▶ Work item
Go to the line below that has "Prarie Grassland Wildflowers", print it and each line after it exactly, and stop after the line that has "A stainless steel drawer on wheels."; leave out pictures.

▶ Information given
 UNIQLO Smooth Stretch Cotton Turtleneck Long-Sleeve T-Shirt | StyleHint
==
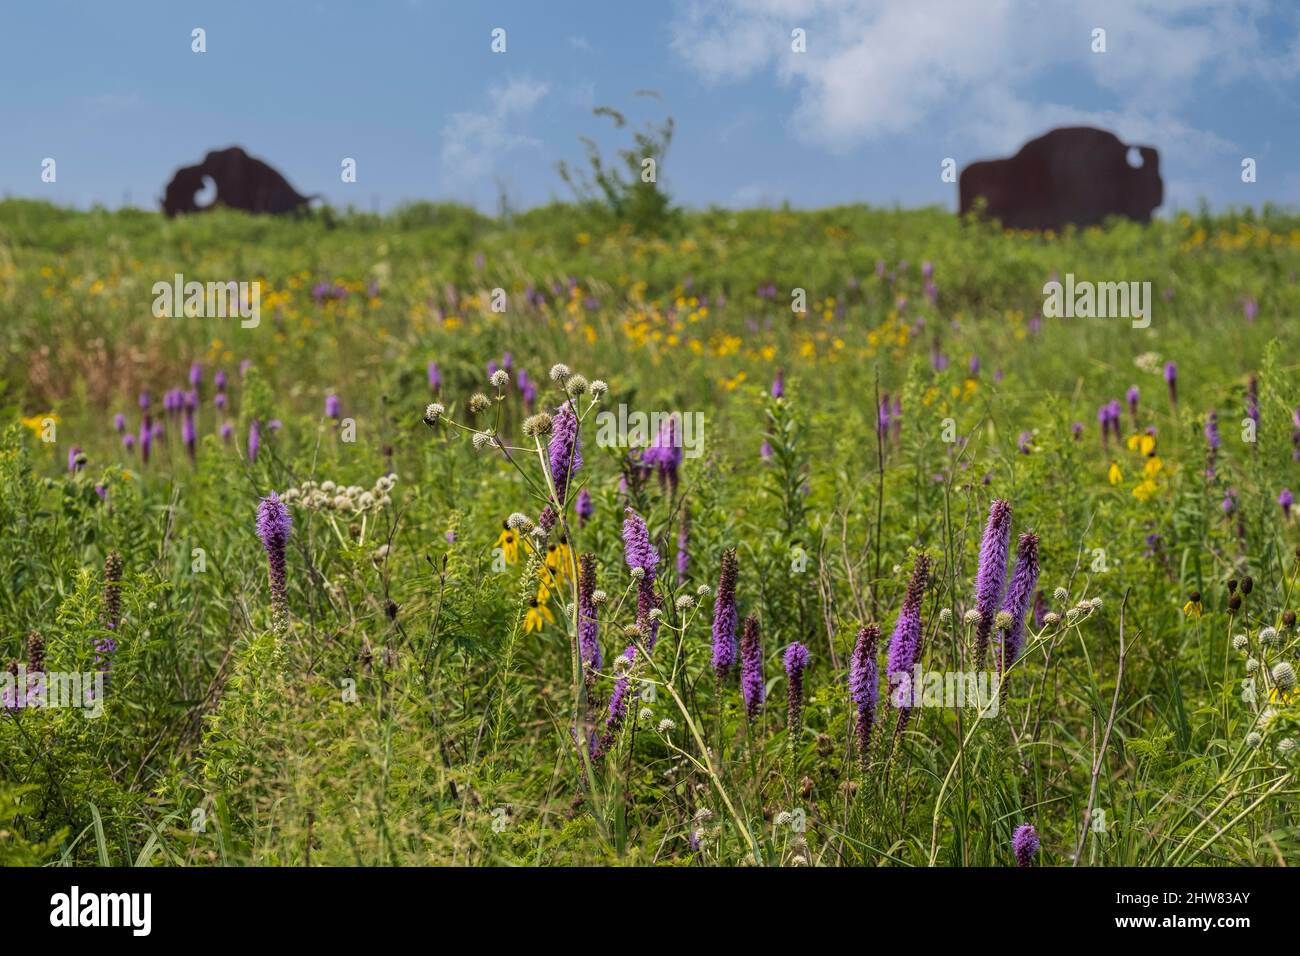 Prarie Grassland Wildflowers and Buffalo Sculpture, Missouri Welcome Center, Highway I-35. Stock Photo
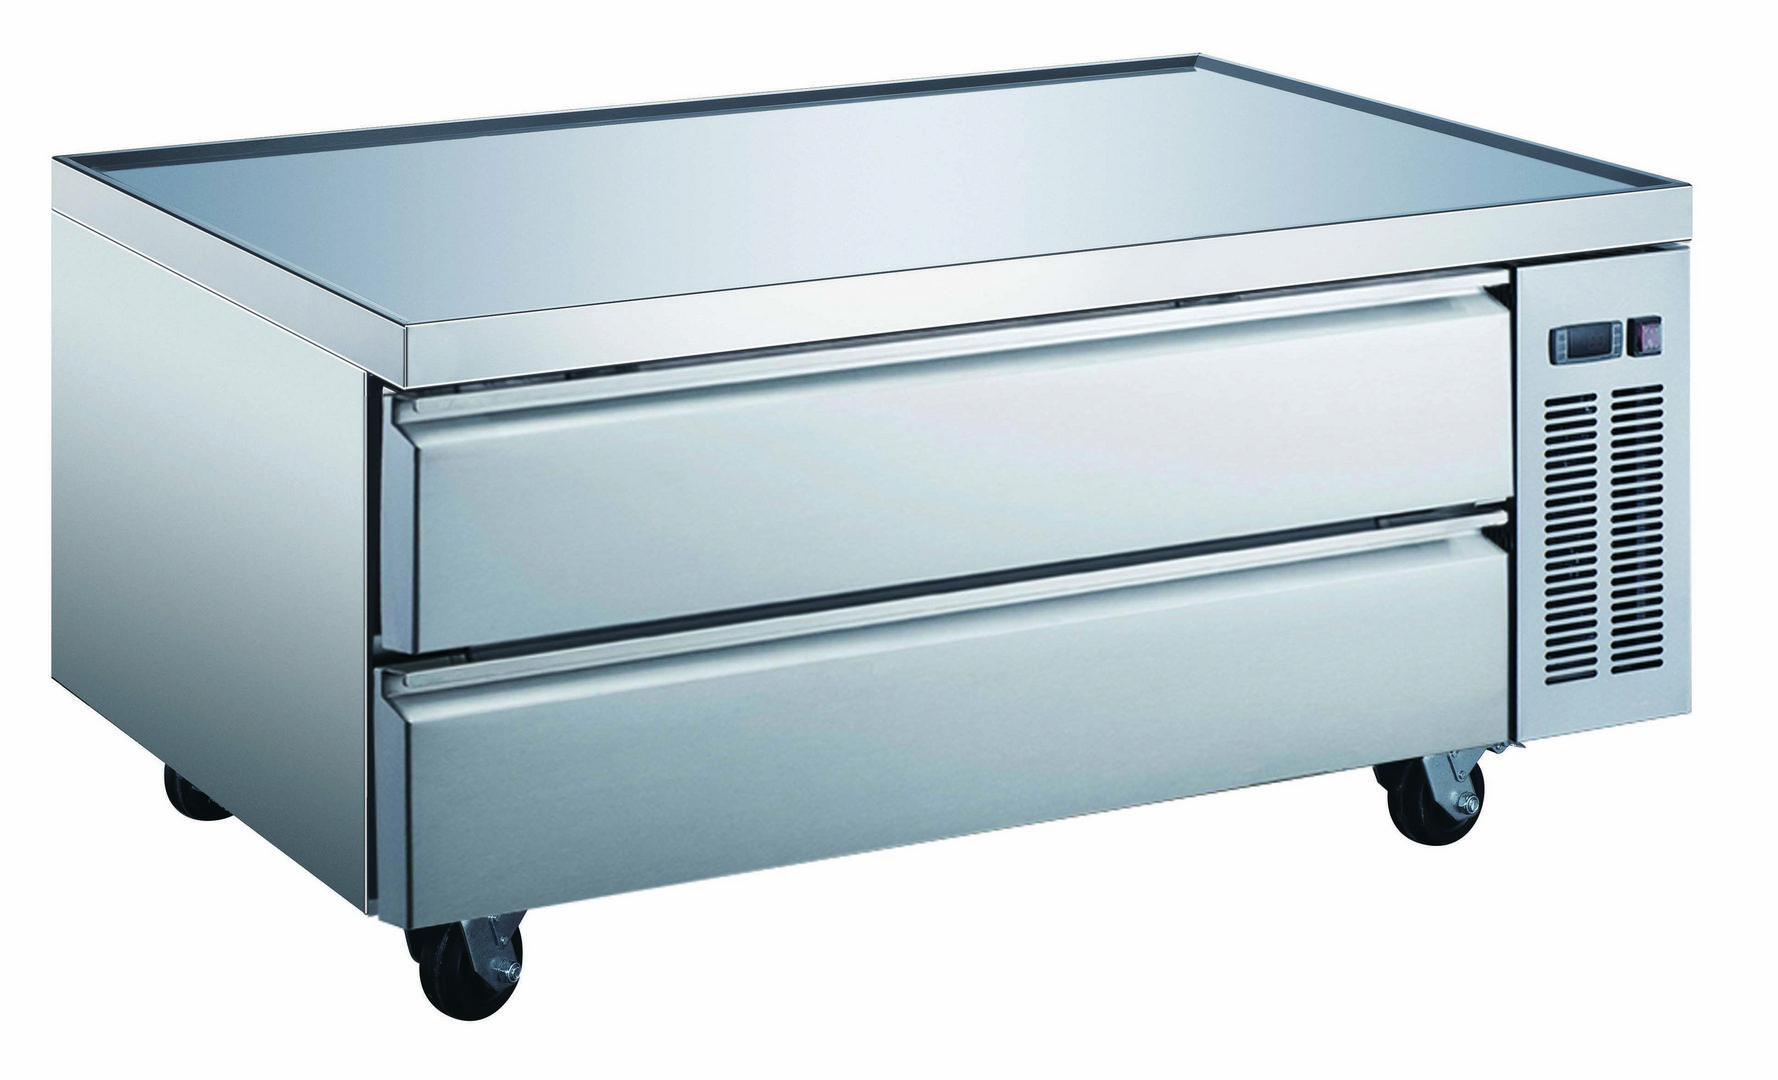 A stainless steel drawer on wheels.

▶ Output of the task
 Prarie Grassland Wildflowers and Buffalo Sculpture, Missouri Welcome Center, Highway I-35. Stock Photo
 A stainless steel drawer on wheels.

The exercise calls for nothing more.